== EXERCISE BRIEF ==
Repeat, word for word, each of the records shown below, without their pictures.

Segment Open

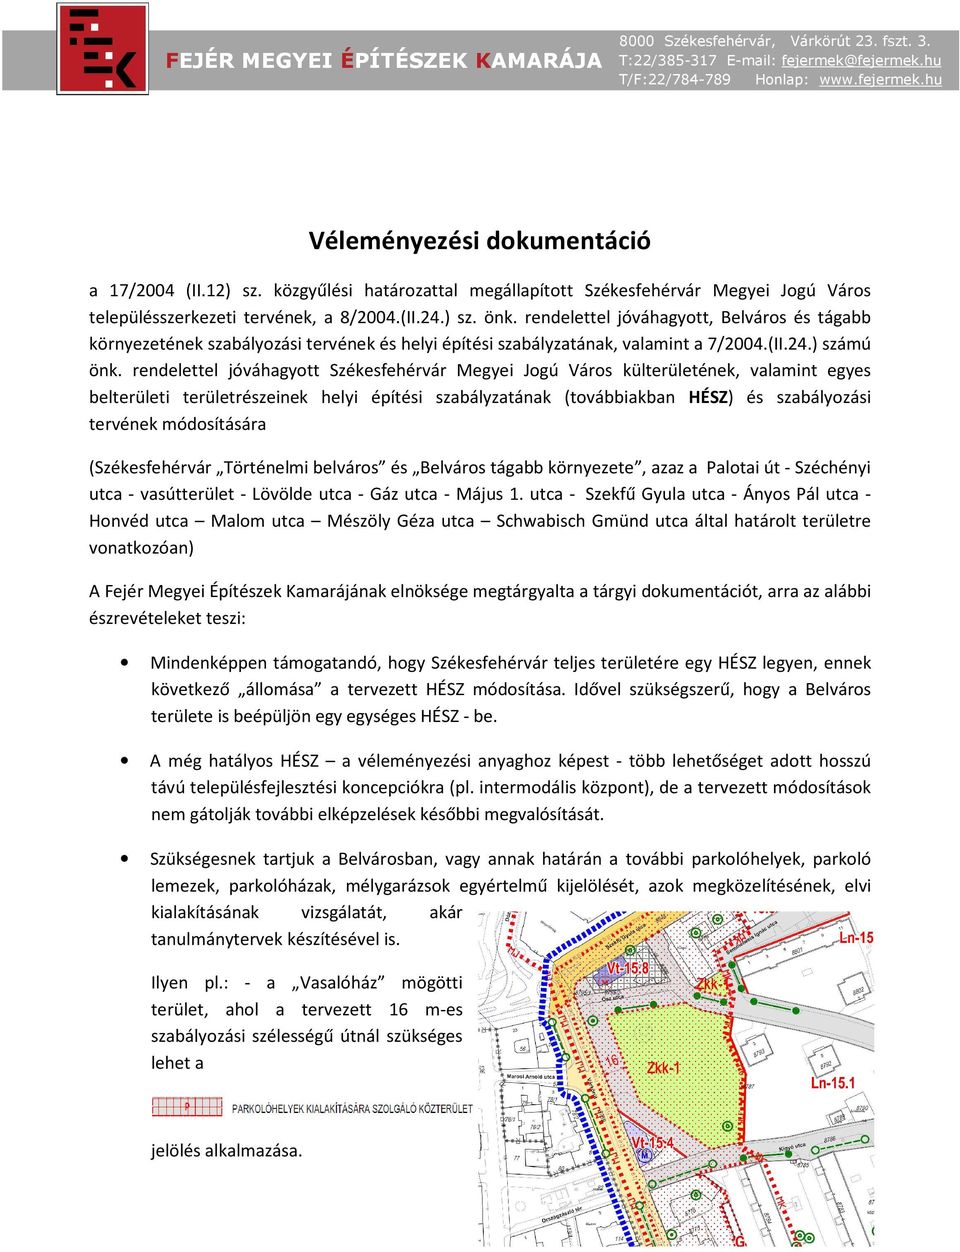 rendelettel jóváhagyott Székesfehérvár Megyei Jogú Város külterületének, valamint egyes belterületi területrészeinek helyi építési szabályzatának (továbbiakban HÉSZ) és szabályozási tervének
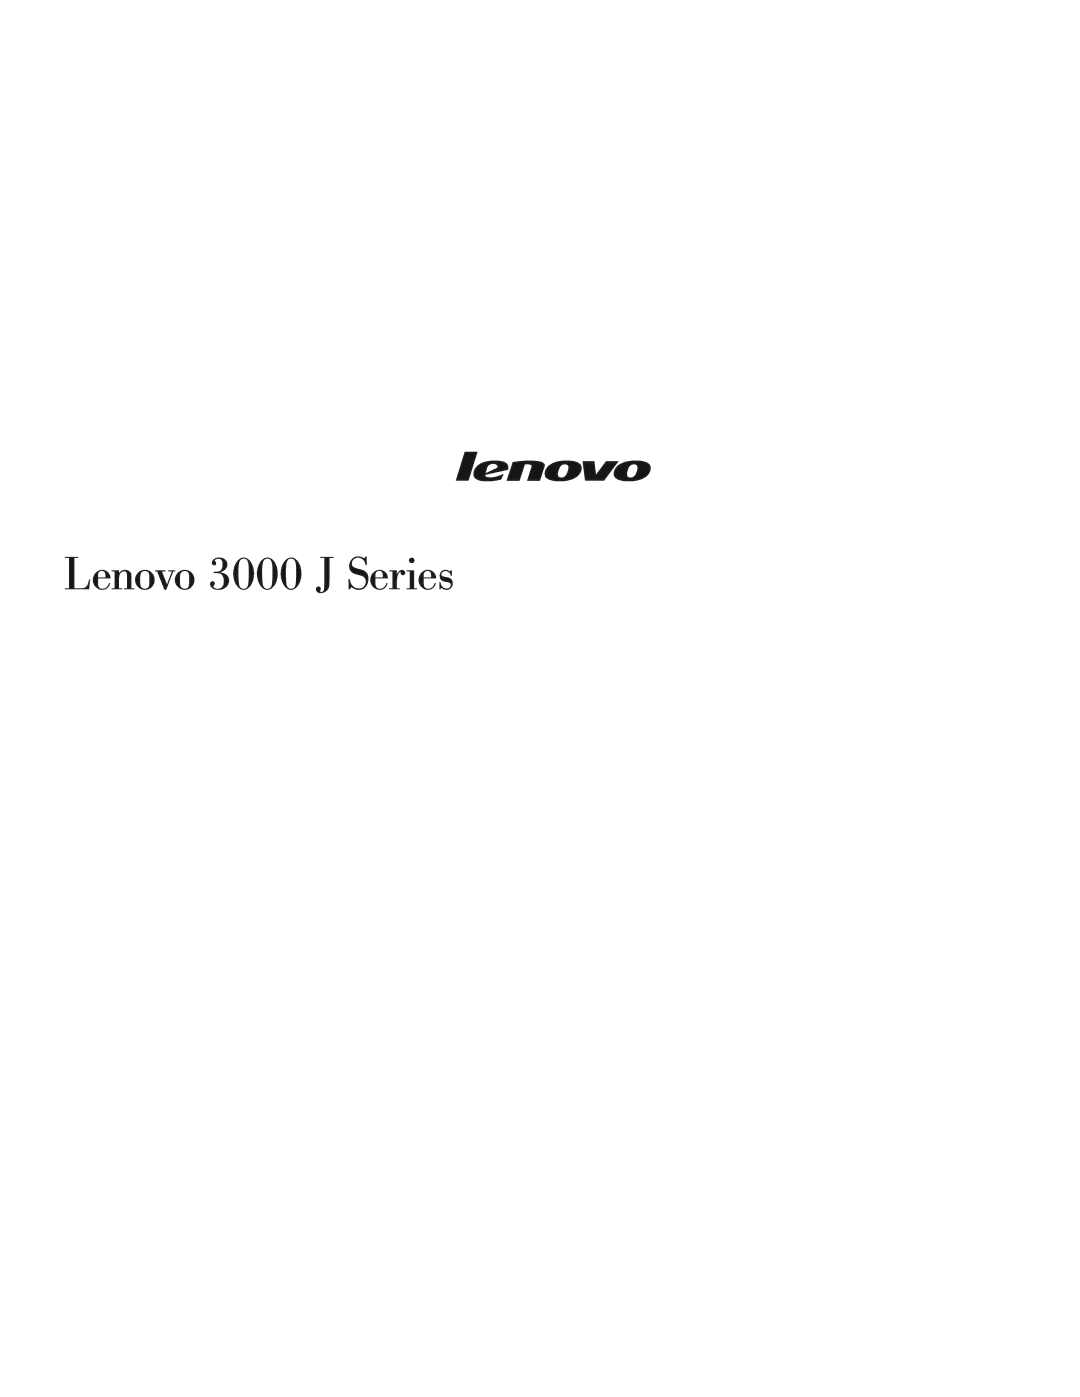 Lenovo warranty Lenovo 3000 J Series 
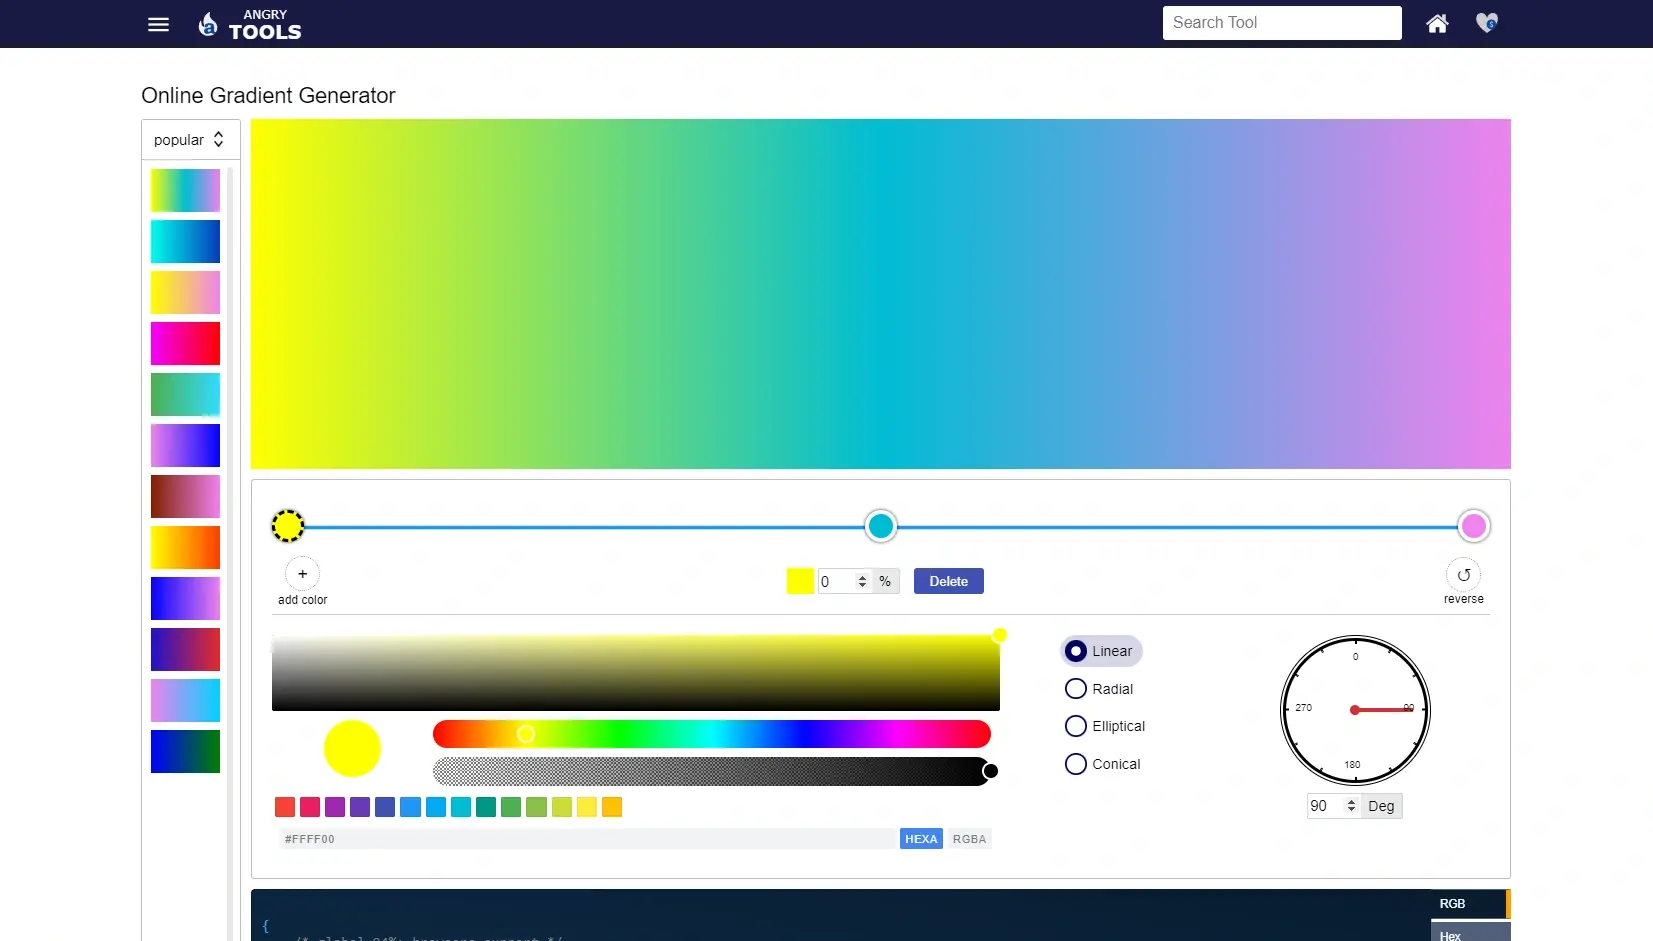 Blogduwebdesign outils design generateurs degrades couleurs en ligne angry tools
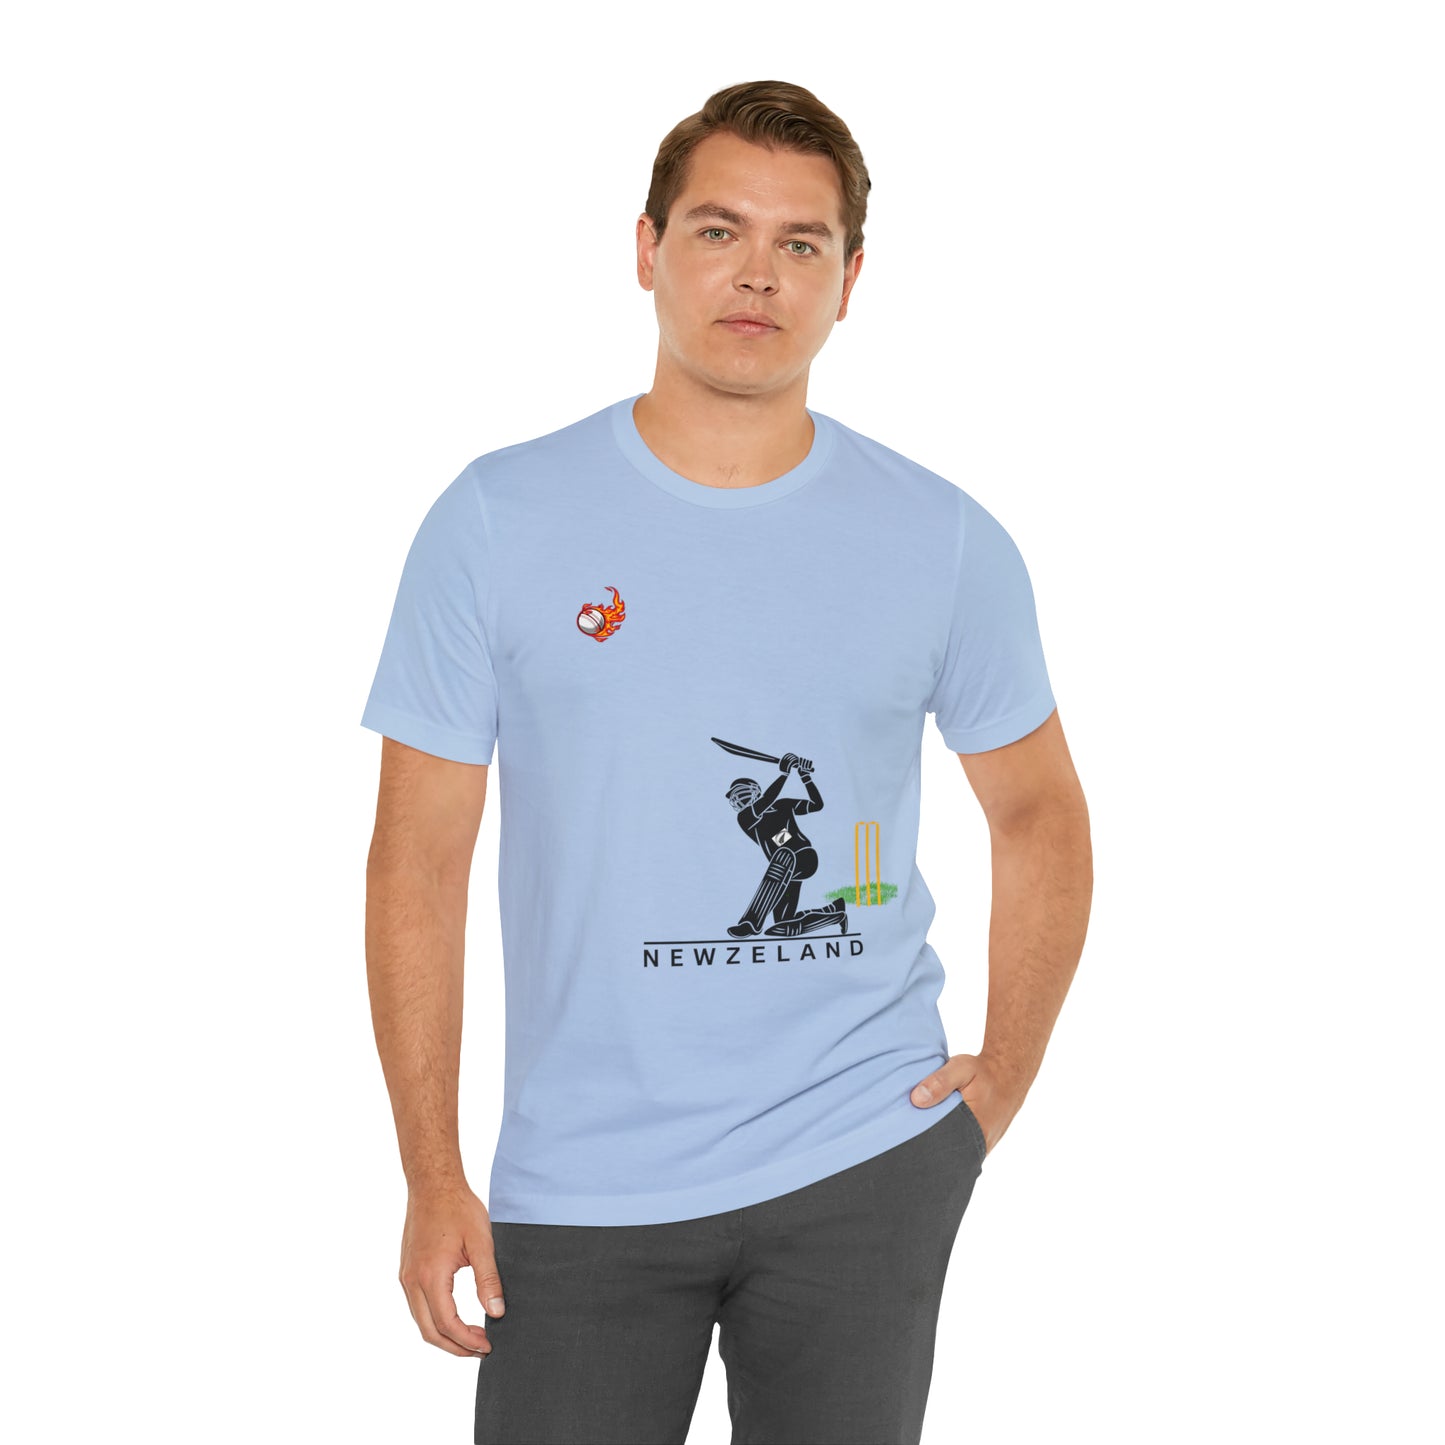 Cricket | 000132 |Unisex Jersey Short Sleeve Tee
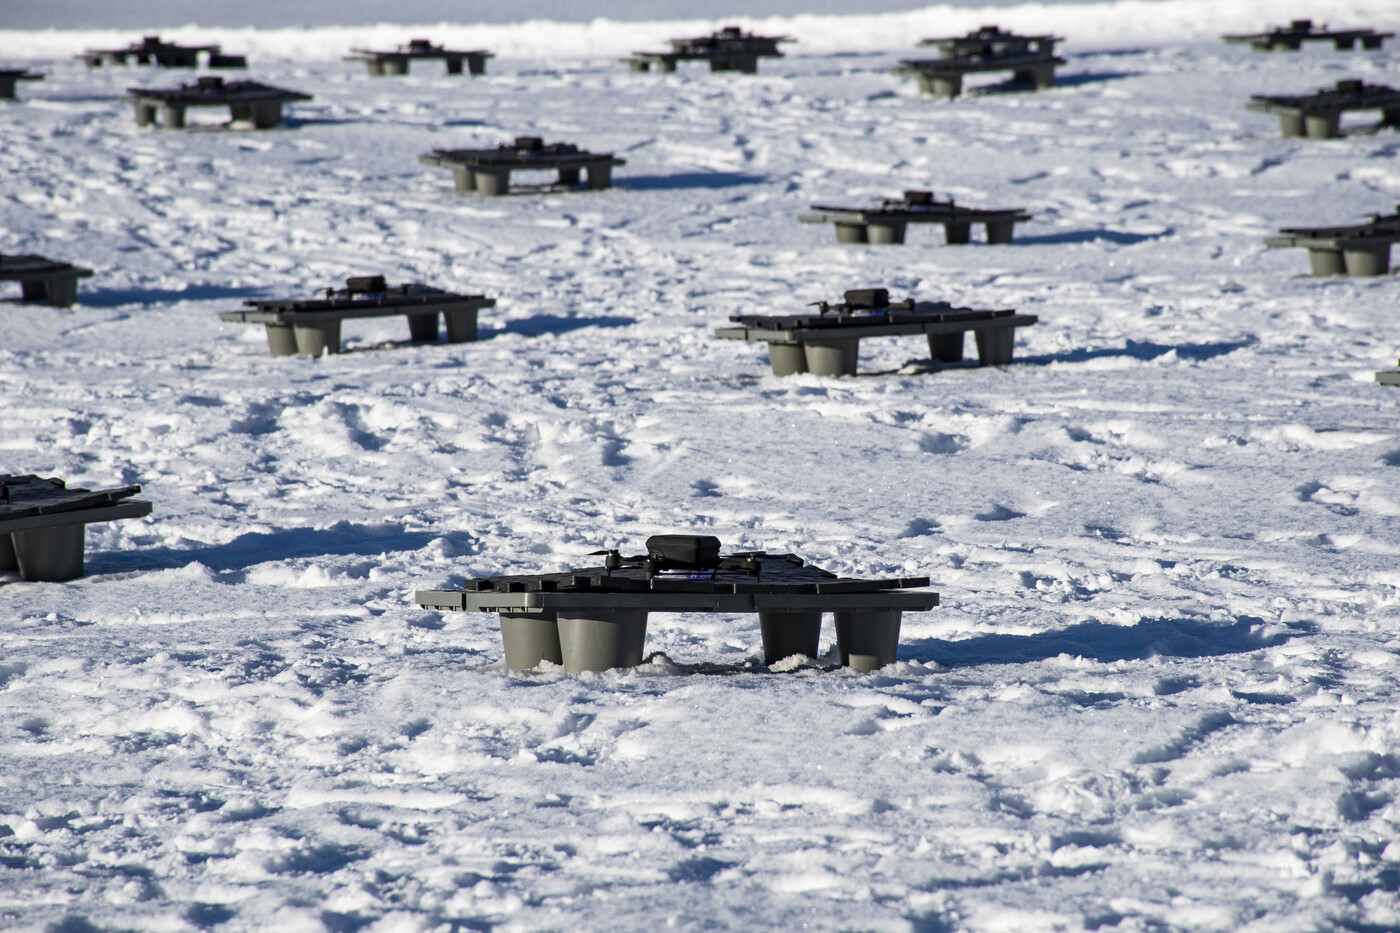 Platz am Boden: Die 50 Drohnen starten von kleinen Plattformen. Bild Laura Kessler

Segment Closed

== YOUR SOLUTION ==
 rendelettel jóváhagyott Székesfehérvár Megyei Jogú Város külterületének, valamint egyes belterületi területrészeinek helyi építési szabályzatának (továbbiakban HÉSZ) és szabályozási tervének
 Lenovo warranty Lenovo 3000 J Series 
 Blogduwebdesign outils design generateurs degrades couleurs en ligne angry tools
 Cricket | 000132 |Unisex Jersey Short Sleeve Tee
 Platz am Boden: Die 50 Drohnen starten von kleinen Plattformen. Bild Laura Kessler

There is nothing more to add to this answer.